The only thing left was to determine what was the input to mines_randomizer_CreateSeed. This had to be something fixed, because the hidden endpoint is defined when the server starts, and it is not supposed to be restarted by the user.
After a lot of tests, I found out that the input to mines_randomizer_CreateSeed was the current time in nanoseconds. In fact, the number returned from the first board is the time when the server was started (it was about 10 minutes before the CTF started, so it was good).

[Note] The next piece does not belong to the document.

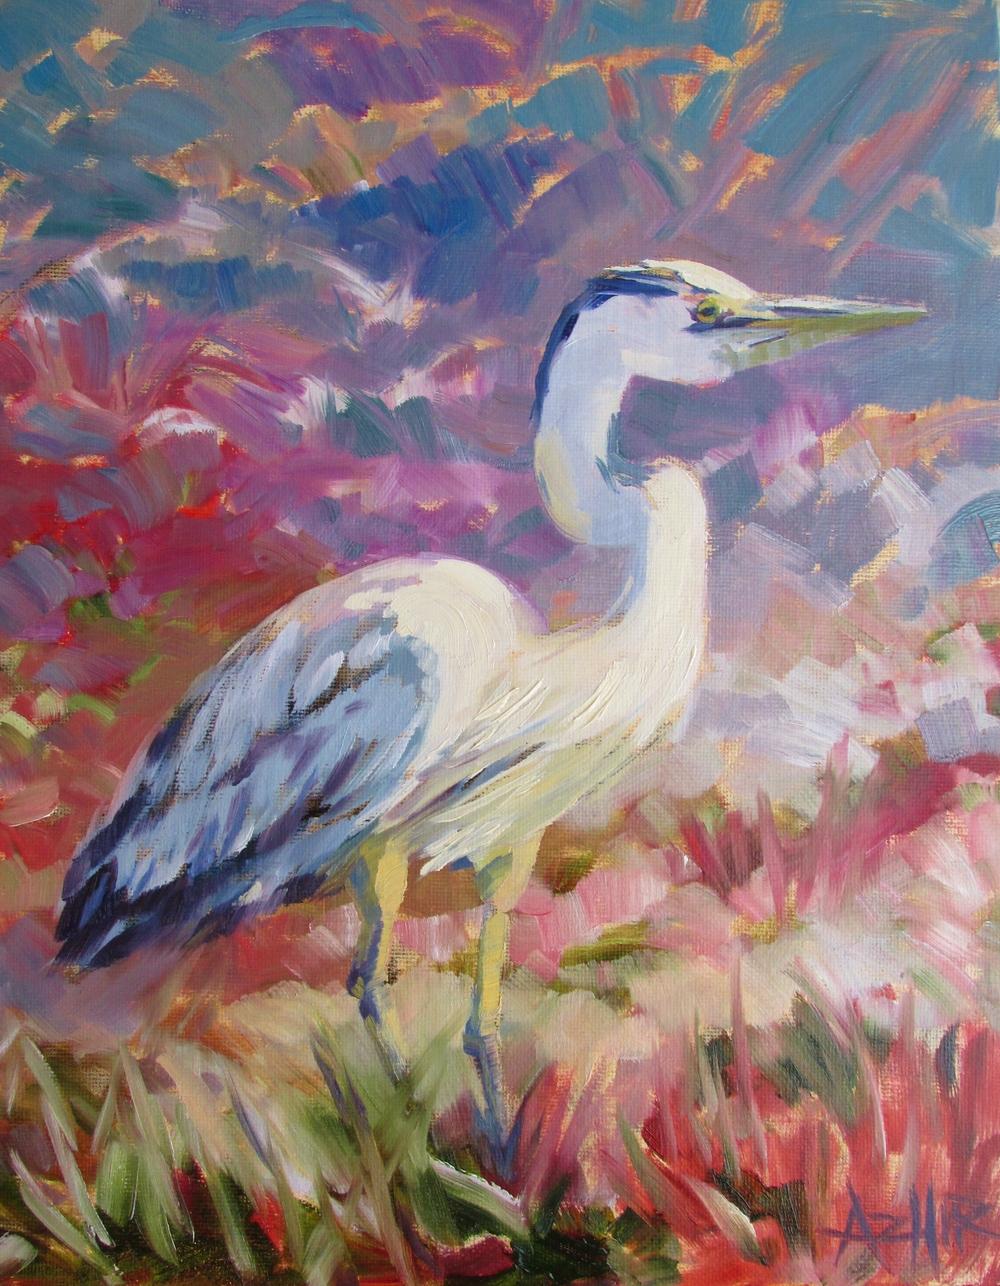 "SOLD, The Crane, Copyright 2016 Hirschten, Oil on Canvas 11"" x 14"""

So, we have everything; well, almost. Instead of reverse-engineering mines_randomizer_CreateSeed, we can use GDB to modify the input to mines_randomizer_CreateSeed and get the expected result. Then, we compute the MD5 hash and we will have the hidden endpoint:
$ gdb -q GoSweep
Loading GEF...
Reading symbols from GoSweep...
(No debugging symbols found in GoSweep)
gef> break *0x53c3a0
Breakpoint 1 at 0x53c3a0
gef> run
Starting program: /root/GoSweep/GoSweep
[Thread debugging using libthread_db enabled]
Using host libthread_db library "/lib/x86_64-linux-gnu/libthread_db.so.1".
[New Thread 0x7fffb12d6640 (LWP 4155745)]
[New Thread 0x7fffb0ad5640 (LWP 4155761)]
[New Thread 0x7fffabfff640 (LWP 4155763)]
[New Thread 0x7fffab7fe640 (LWP 4155764)]
[New Thread 0x7fffaaffd640 (LWP 4155773)]
Thread 1 "GoSweep" hit Breakpoint 1, 0x000000000053c3a0 in ?? ()
gef> set $rax = (long) 1726246281186930269
gef> finish
Run till exit from #0 0x000000000053c3a0 in ?? ()
0x0000000000647e1b in ?? ()
gef> p/d $rax
$1 = 60357764246024467
gef> quit
$ python3 -q
>>> from hashlib import md5
>>> md5(b'60357764246024467').hexdigest()
'48f99e62219f9bfd9fd437b75e0d46f9'
At this point, we can reuse the functions from the script and simply add these functions to solve the challenge:
const URL = "https://gosweep.challs.m0lecon.it"
func main() {
solve(fmt.Sprintf("%s/new", URL), 20, 150)
solve(fmt.Sprintf("%s/48f99e62219f9bfd9fd437b75e0d46f9", URL), 50, 2000)
}
Flag
If we run the script, we will get the flag:
$ go run solve.go
Good job! Take some nanos: 1726246281186930269
Congratulations! Take some chars: ptm{wh0_n33ds_luck_wh3n_y0u_h4v3_r3v3rs3?}
The full script can be found in here: solve.go.